The film demonstrates the necessity for virtual experiences in extreme circumstances.  But I find today’s over-enthusiastic push for virtual experiences annoying and alarming.  In the absence of meaningful human interaction, thrust upon us by the need for self-isolation, virtual talks and meetings can be emotional lifesavers. 

But for me, nothing virtual will ever suffice.  My world-view, the sharpening of my sensitivities, my humanity and the definition of a good life, have been shaped by opportunities for human interaction and contemplation in places like movie cinemas, coffee shops, art galleries, history museums, concert halls, sports arenas, libraries, fitness centers, restaurants, bookstores,  live theaters, zoos, gardens, lecture halls, guided travel, and so on.

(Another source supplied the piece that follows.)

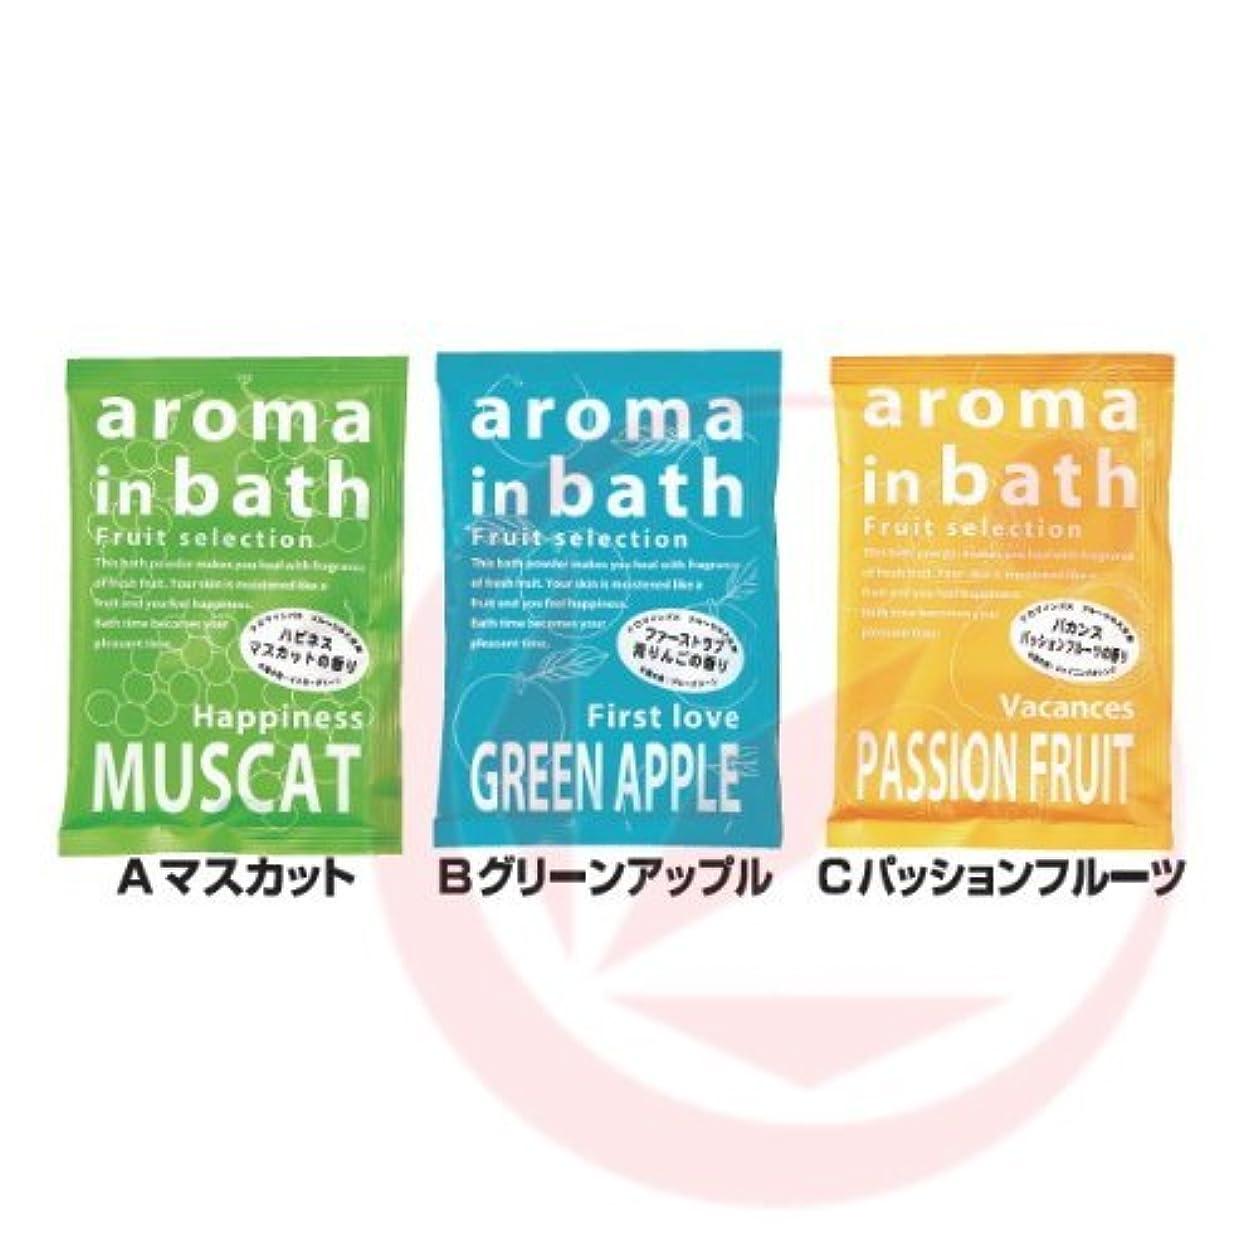 粉体入浴剤アロマインバス25g 48袋入り(3種類 各16袋)

I would not like to contemplate a time in which humankind, out of an abundance of caution, is reborn into a world where these experiences are only available through a computer screen.  We must seek better. I see the face of hope in the final image of “2001: A Space Odyssey”.



1 comment:

  1. This is a profound and visionary film and possibly more pertinent today. I continue to be dazzled by your thoughts about these films and their relevance, Tom. The connections you make and astute observations produce a light show of their own ... a 2020 film odyssey. Thank you!